● **EXERCISE DIRECTIONS**: When you reproduce the entries below, keep each one exact and drop any pictures.

Start of Block

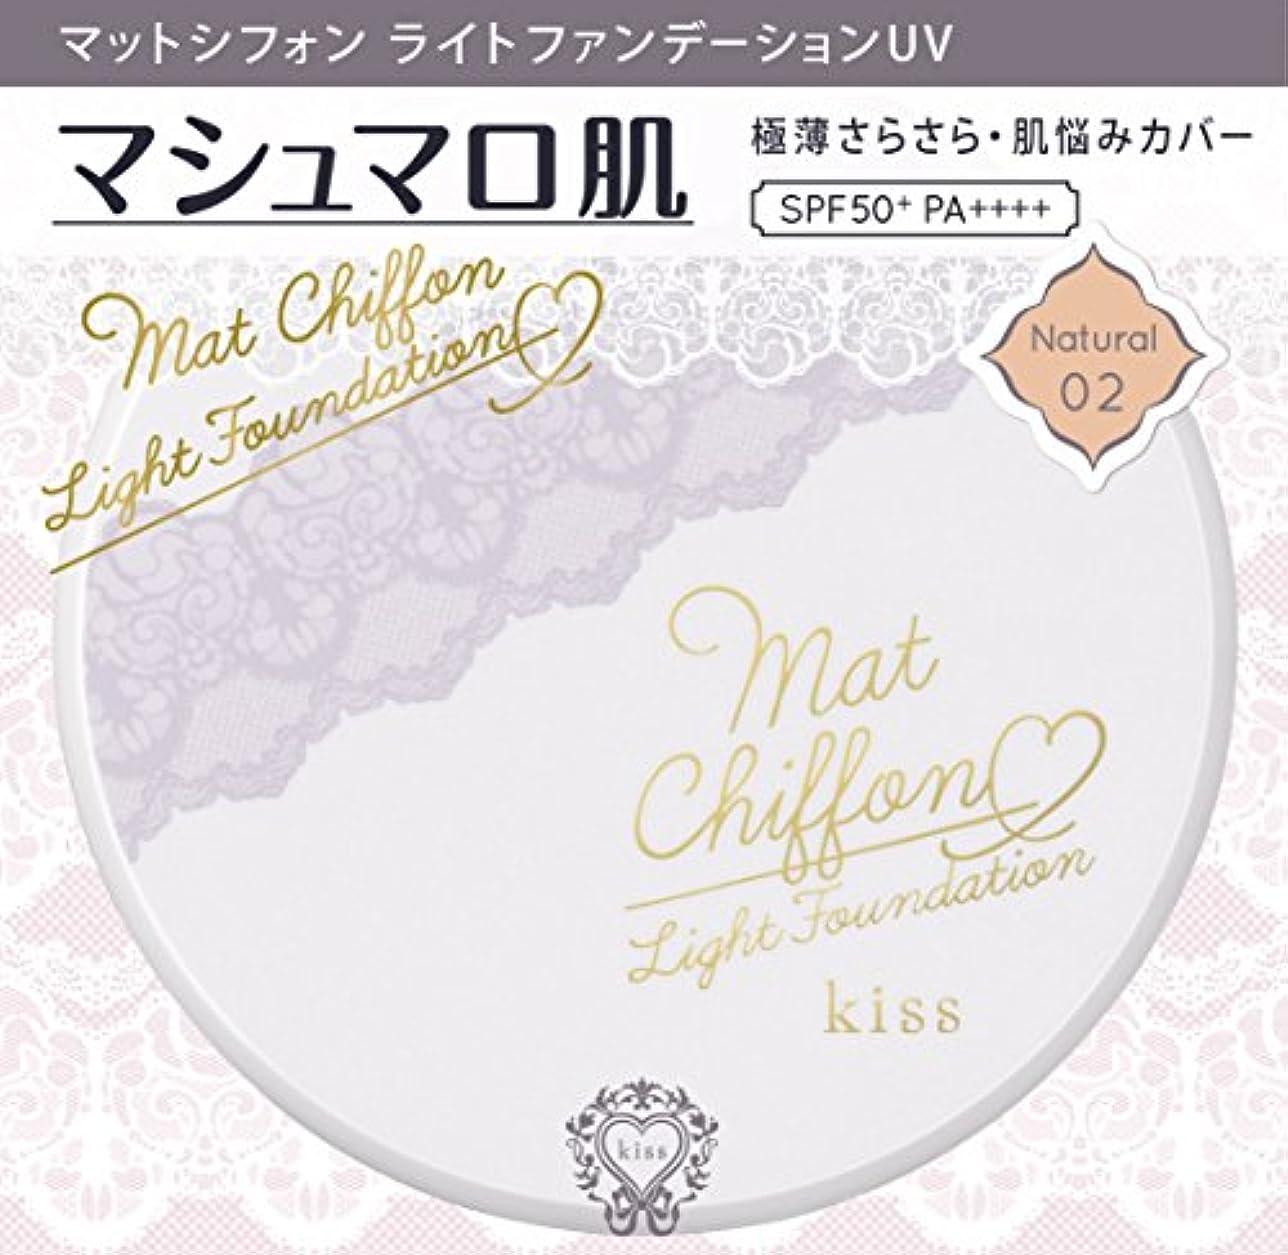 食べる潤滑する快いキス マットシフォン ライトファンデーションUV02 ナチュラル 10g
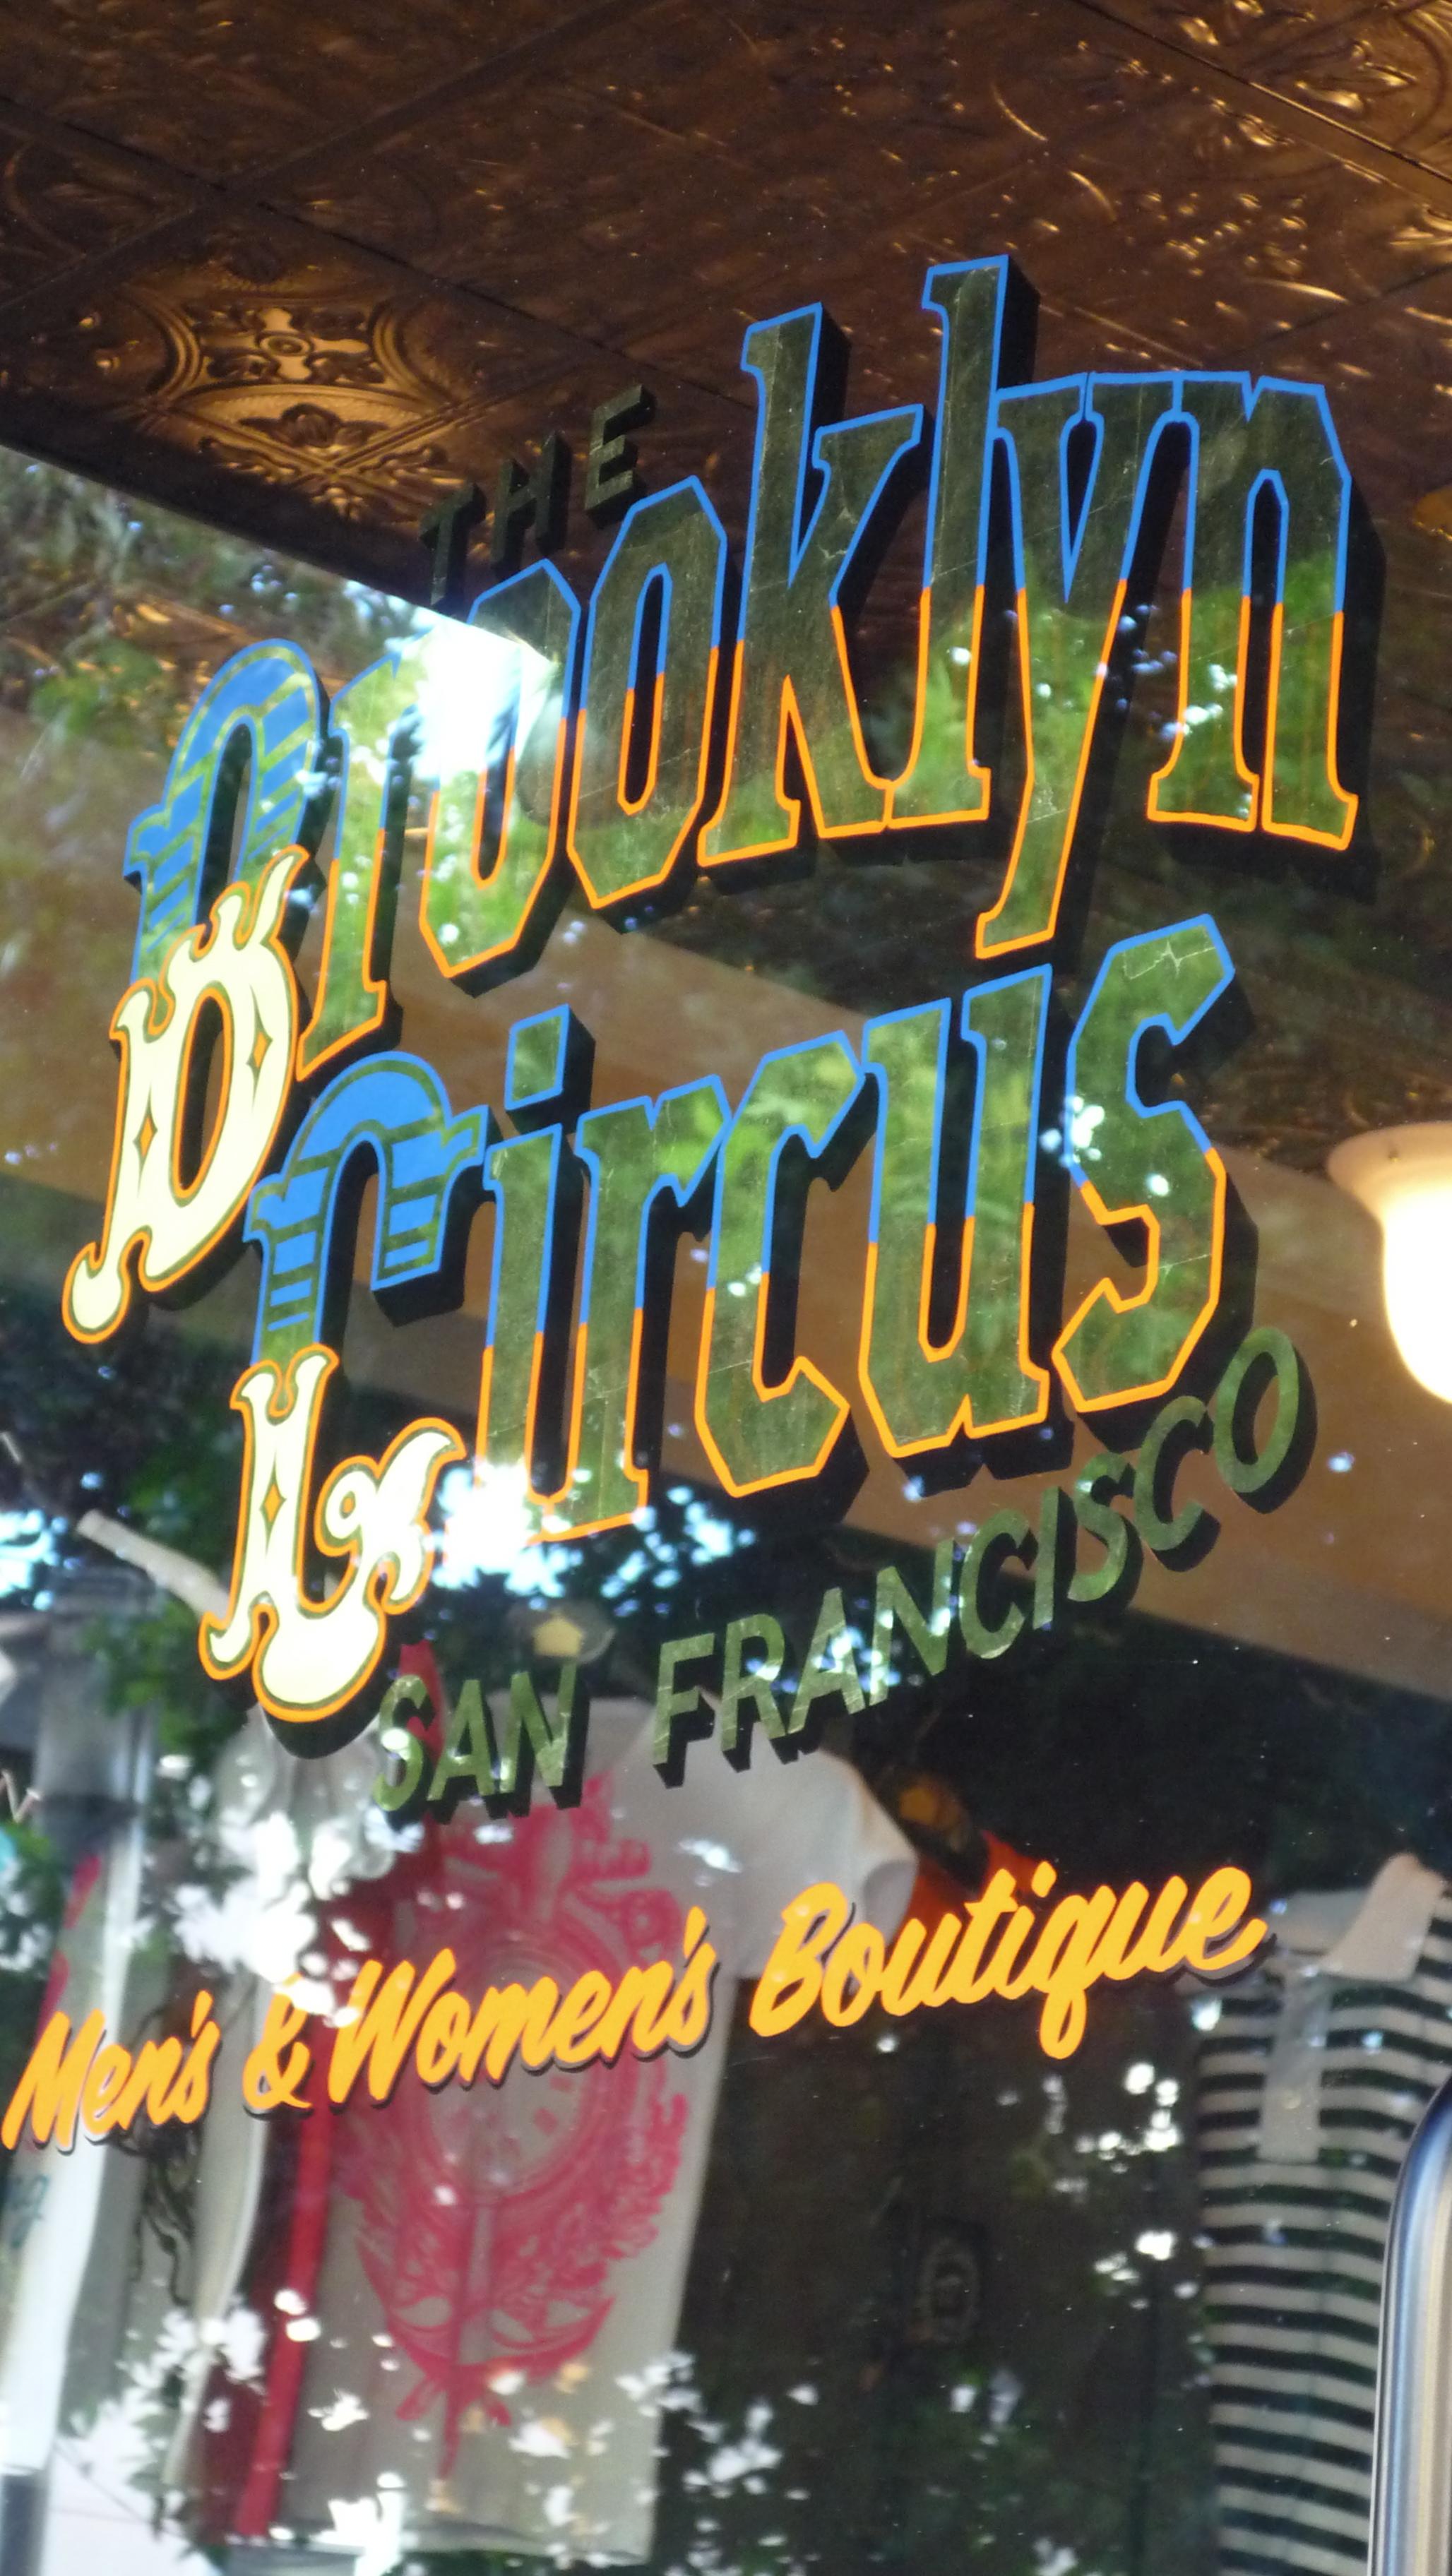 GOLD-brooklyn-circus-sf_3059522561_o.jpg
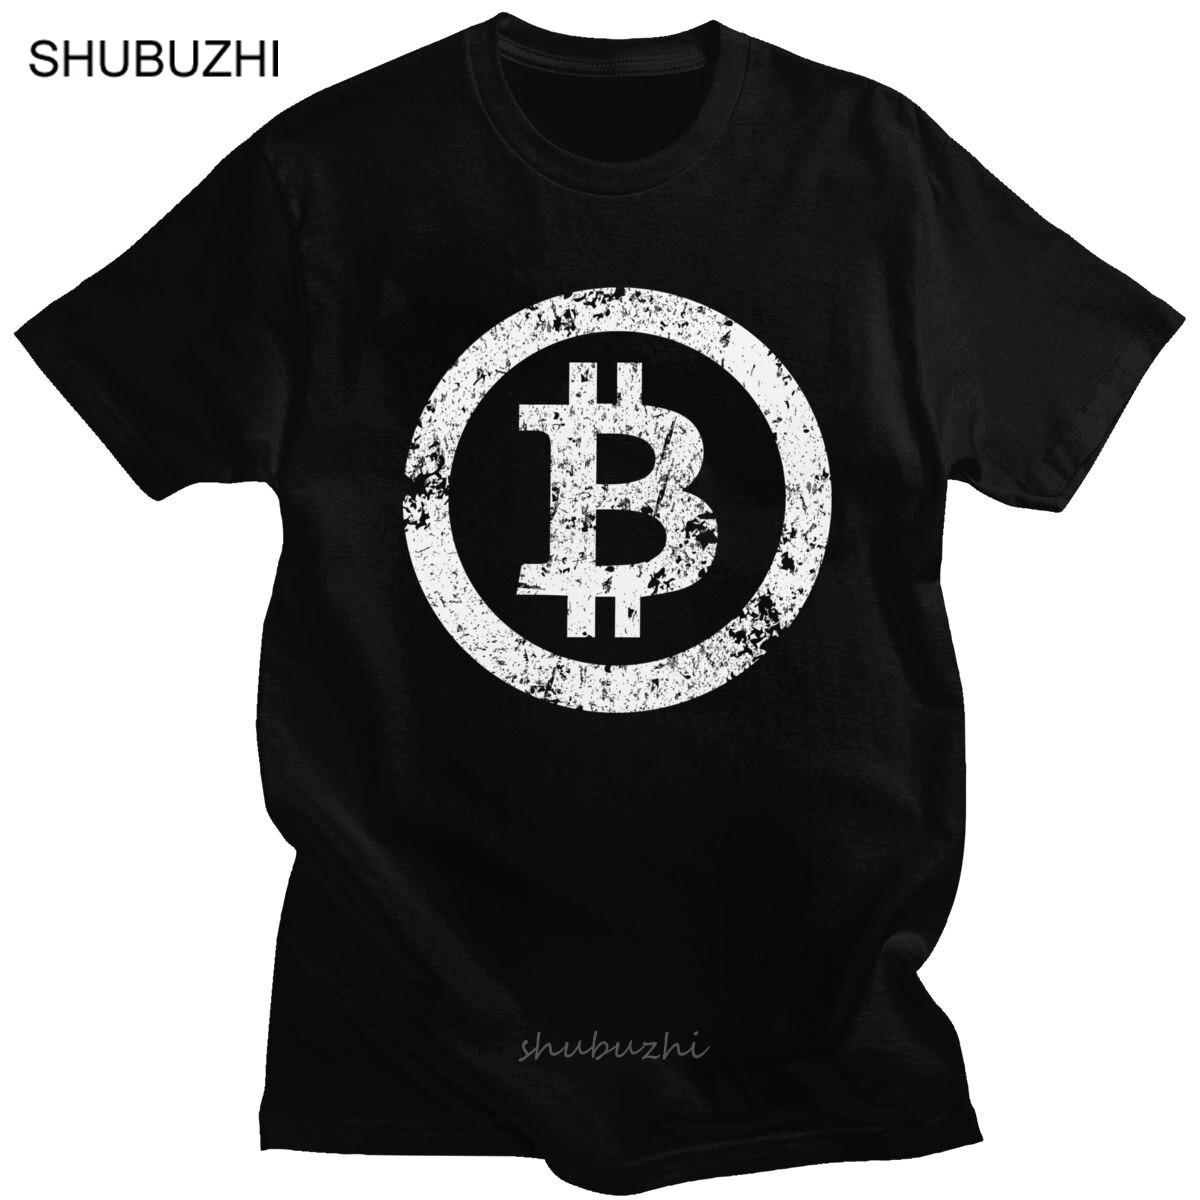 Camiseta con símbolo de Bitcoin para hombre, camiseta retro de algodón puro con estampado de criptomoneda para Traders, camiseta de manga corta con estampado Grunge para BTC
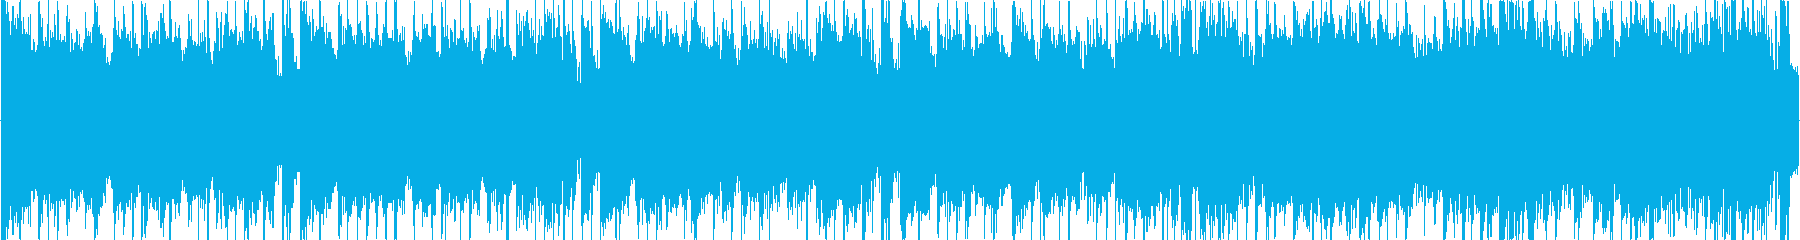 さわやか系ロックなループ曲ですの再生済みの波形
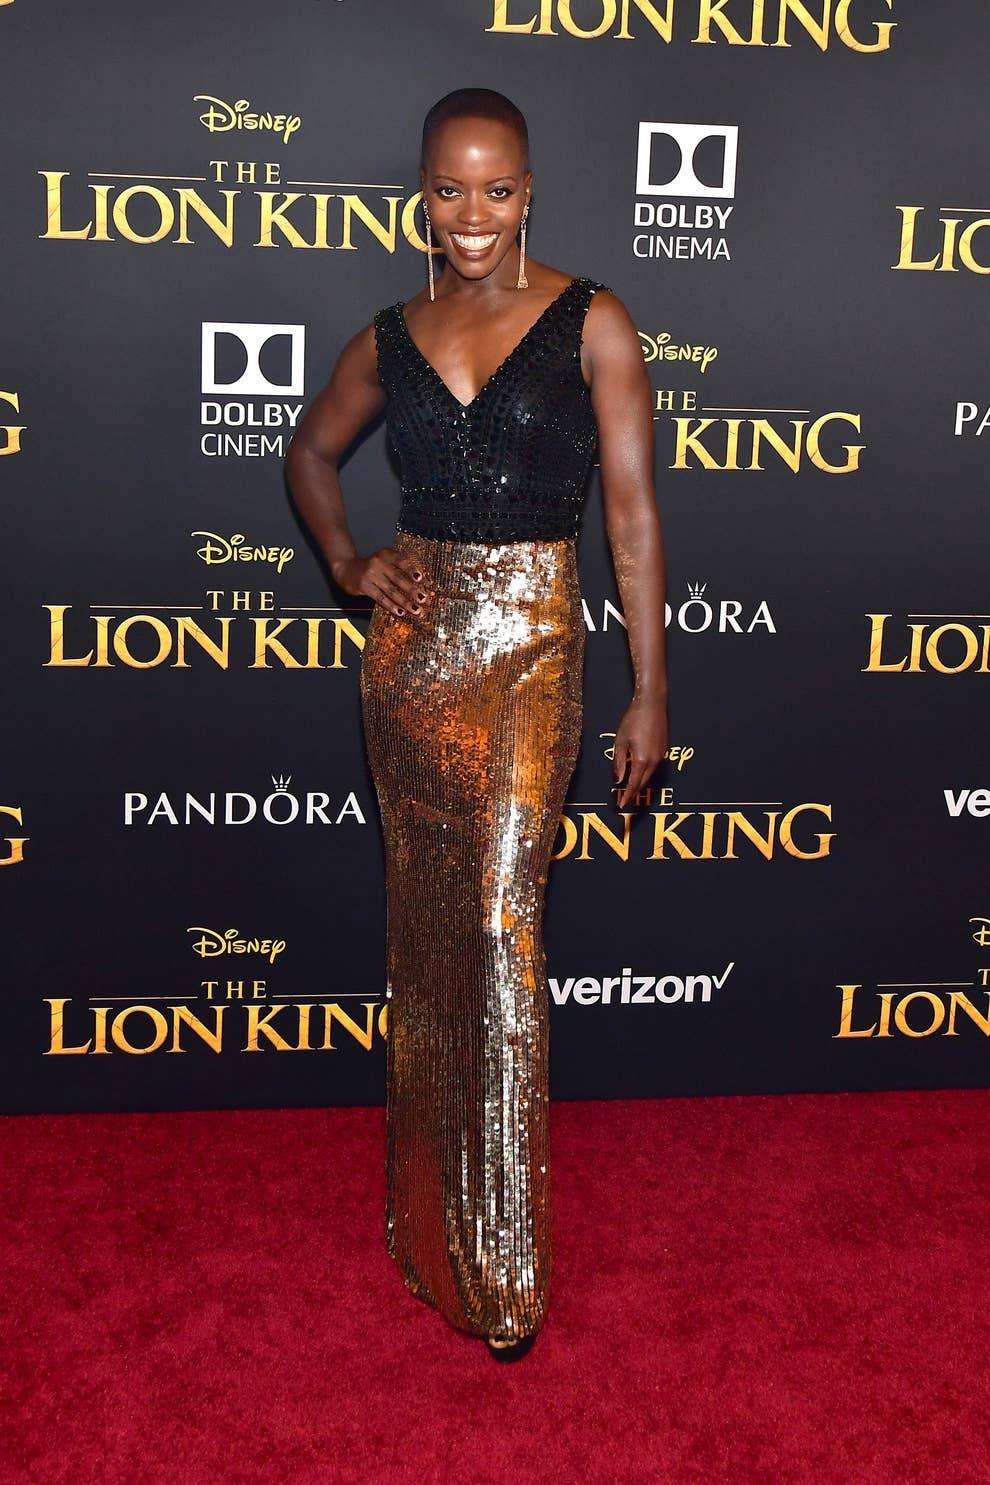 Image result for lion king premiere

End of Block

● **EXERCISE RESPONSE**:
 食べる潤滑する快いキス マットシフォン ライトファンデーションUV02 ナチュラル 10g
 GOLD-brooklyn-circus-sf_3059522561_o.jpg
 Camiseta con símbolo de Bitcoin para hombre, camiseta retro de algodón puro con estampado de criptomoneda para Traders, camiseta de manga corta con estampado Grunge para BTC
 さわやか系ロックなループ曲ですの再生済みの波形
 Image result for lion king premiere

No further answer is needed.